Inside the merge_wordcount_indices_for_corpus() which takes 6.595 seconds .. we can see various pandas own merge.py methods taking most of that time.

That's not surprising .. but do we want to do anything about it? If it is only 6 seconds of the bigger 780 then it may not be worth the effort or additional code complexity. Remember, we value simplicity and clarity.

So let's not right now.

Relevance Calculations

We've not looked at the relevance calculations yet. First let's time them ..

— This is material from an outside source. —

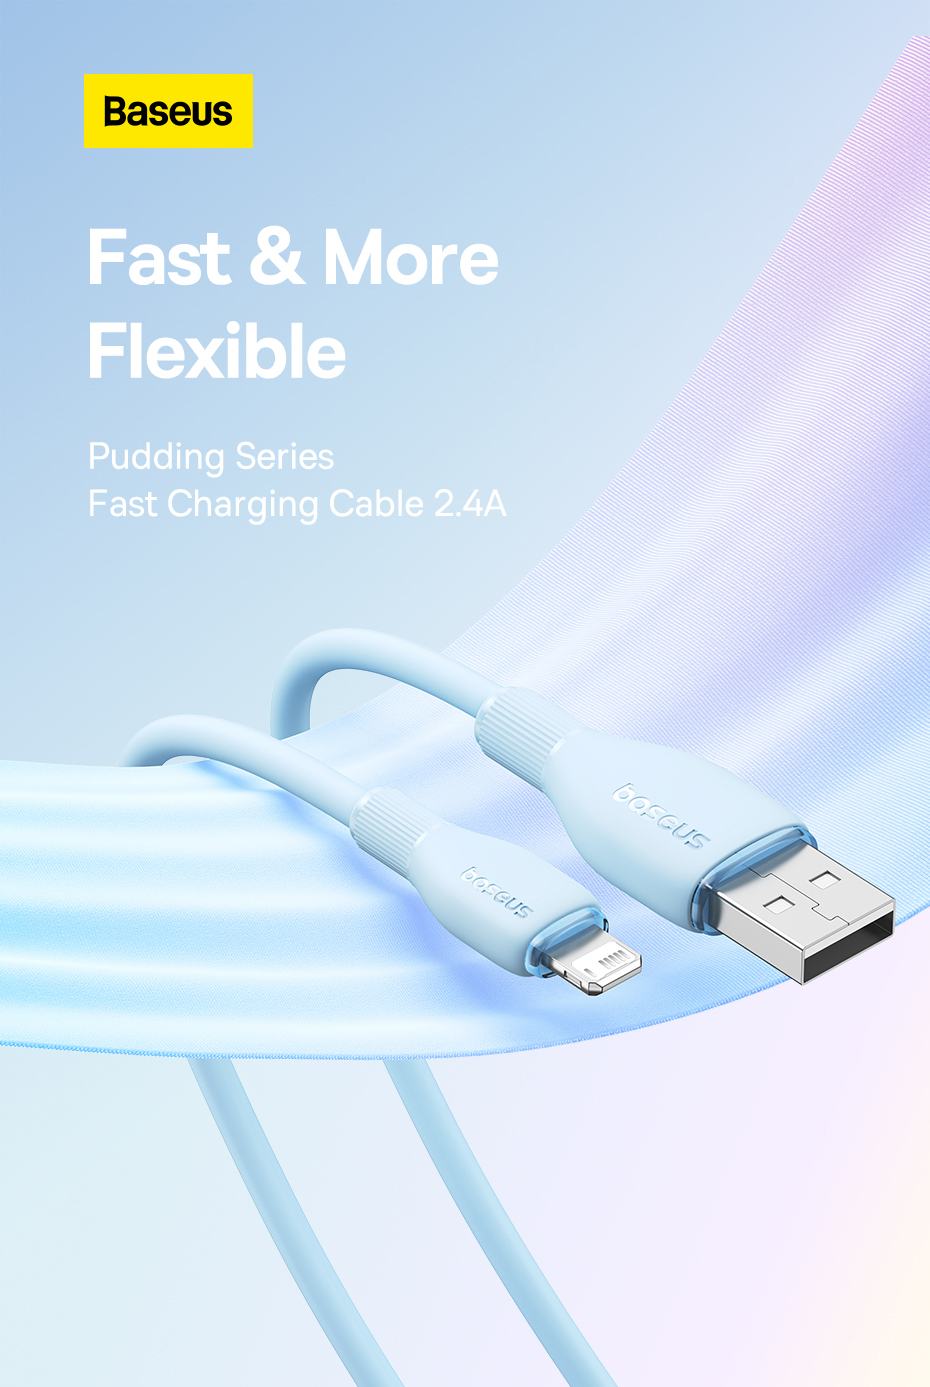 Cáp Sạc Nhanh Cho iPhone iPad Baseus Pudding Series USB to Lightning 2.4A ( Fast Charging Data Cable 120cm) (20)

%time tmt.index_search.calculate_relevance_index(cr.content_directory)

CPU times: user 1min 14s, sys: 943 ms, total: 1min 15s
Wall time: 1min 17s

That takes 1m 15s for the Iraq Corpus.

Let's look deeper now with the function-level cProfile.

ncalls tottime percall cumtime percall filename:lineno(function)
1 0.004 0.004 134.64 134.64 <string>:1(<module>)
1 0 0 134.64 134.64 {built-in
1 2.787 2.787 134.635 134.635 index_search.py:129(calculate_relevance_index)
45692 0.64 0 40.787 0.001 series.py:580(__getitem__)
137076 0.597 0 33.479 0 indexing.py:1286(__getitem__)
411241 3.939 0 33.196 0 series.py:120(__init__)
137076 0.944 0 32.719 0 indexing.py:1431(_getitem_axis)
91384 0.582 0 31.138 0 indexing.py:126(__setitem__)
45692 0.556 0 29.27 0.001 base.py:1957(get_value)
45692 0.817 0 27.335 0.001 {method
91384 2.381 0 27.317 0 indexing.py:224(_setitem_with_indexer)
137076/45692 0.215 0 26.517 0.001 numeric.py:1835(array_str)
137076/45692 0.647 0 26.404 0.001 arrayprint.py:340(array2string)
45692 1.115 0 25.903 0.001 arrayprint.py:237(_array2string)
137076 0.395 0 25.767 0 indexing.py:80(_get_label)
137076 2.427 0 25.337 0 generic.py:1643(xs)
137076 0.5 0 15.583 0 arrayprint.py:529(__init__)
137076 6.769 0 15.083 0 arrayprint.py:543(fillFormat)
274165 2.157 0 14.33 0 series.py:2787(_sanitize_array)
91384 0.34 0 14.327 0 internals.py:2916(setitem)
91385 1.338 0 13.994 0 internals.py:2811(apply)
91384 1.145 0 13.702 0 ops.py:603(wrapper)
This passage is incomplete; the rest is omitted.